Tibbo

Cantautrici e Chanteuse

4 risposte in questa discussione

Il cantautorato femminile mi affascina da qualche mese, qualcun'altro lo apprezza?

Si vede molta indifferenza del pubblico maschilista verso capolavori tali Blue (71) di Joni Mitchell (ma anche Hejira, Court And Spark o Ladies Of The Canyon), collage di ballate a dir poco geniali come "All I Want", "A Case Of You" o "California" (sfido chiunque a non trovarle deliziose).

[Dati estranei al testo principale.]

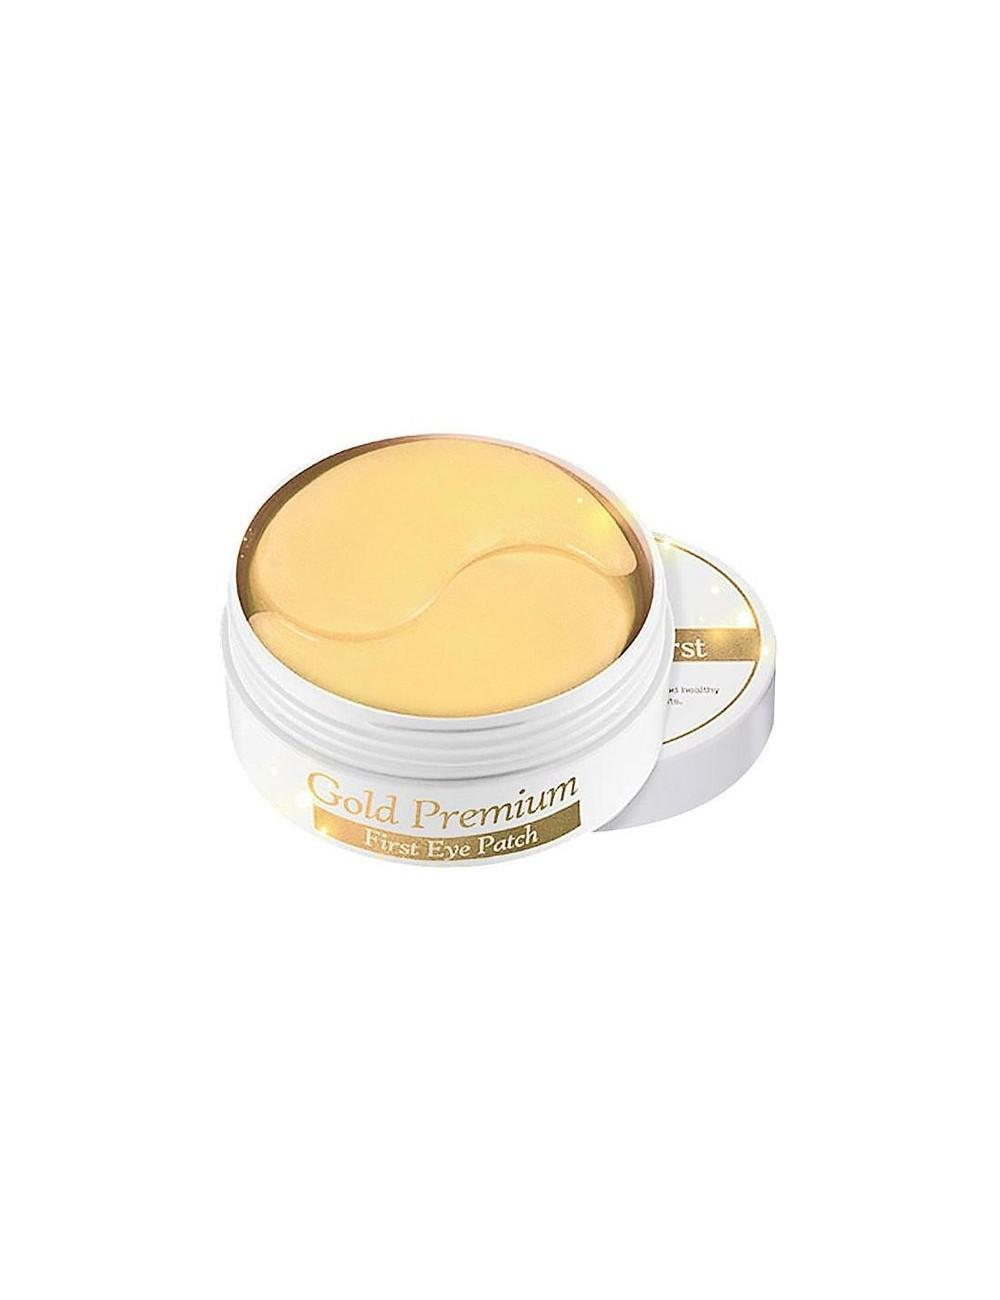 Parches para Contorno de Ojos Secret Key Gold Premium First Eye Patch Patch

Oppure anche qualcosa tipo Horses (75), della Smith, in cui lo spirito punk emerge soprattutto in "Gloria", "Free Money" e la sensazionale tre-pezzi di "Land". I testi sono da antologia del libero pensiero, e la musica, sebbene possa suonare poco confortevole (non a me), è uno scheletro portante di tutto rispetto.

Poi abbiamo Under The Pink (94) di Tori Amos, grido femminile e femminista come d'altronde anche quello di PJ Harvey (suo massimo episodio è To Bring You My Love, del 95).

E Nico? La Hardy? Lydia Lunch?

Volevo sapere se vi siete mai interessati a questo 'genere' (femminile :O) di interpreti.

Album consigliati:

Kate Bush: "Hounds Of Love" (1985), "The Kick Inside" (1978), "The Dreaming" (1982), "Aerial" (2005)

Joni Mitchell: "Ladies Of The Canyon" (1970), "Blue" (1971), "Court And Spark" (1974), "Hejira" (1976)

Lydia Lunch: "Queen Of Siam" (1980), "1313" (1982)

Francoise Hardy: "La Question" (1971), "Comment Te Dire Adieu" (1968)

Nico: Mi preme ricordare a me stesso che ho sentito solo canzoni sparse, /me si flagella (prenderò "Desertshore")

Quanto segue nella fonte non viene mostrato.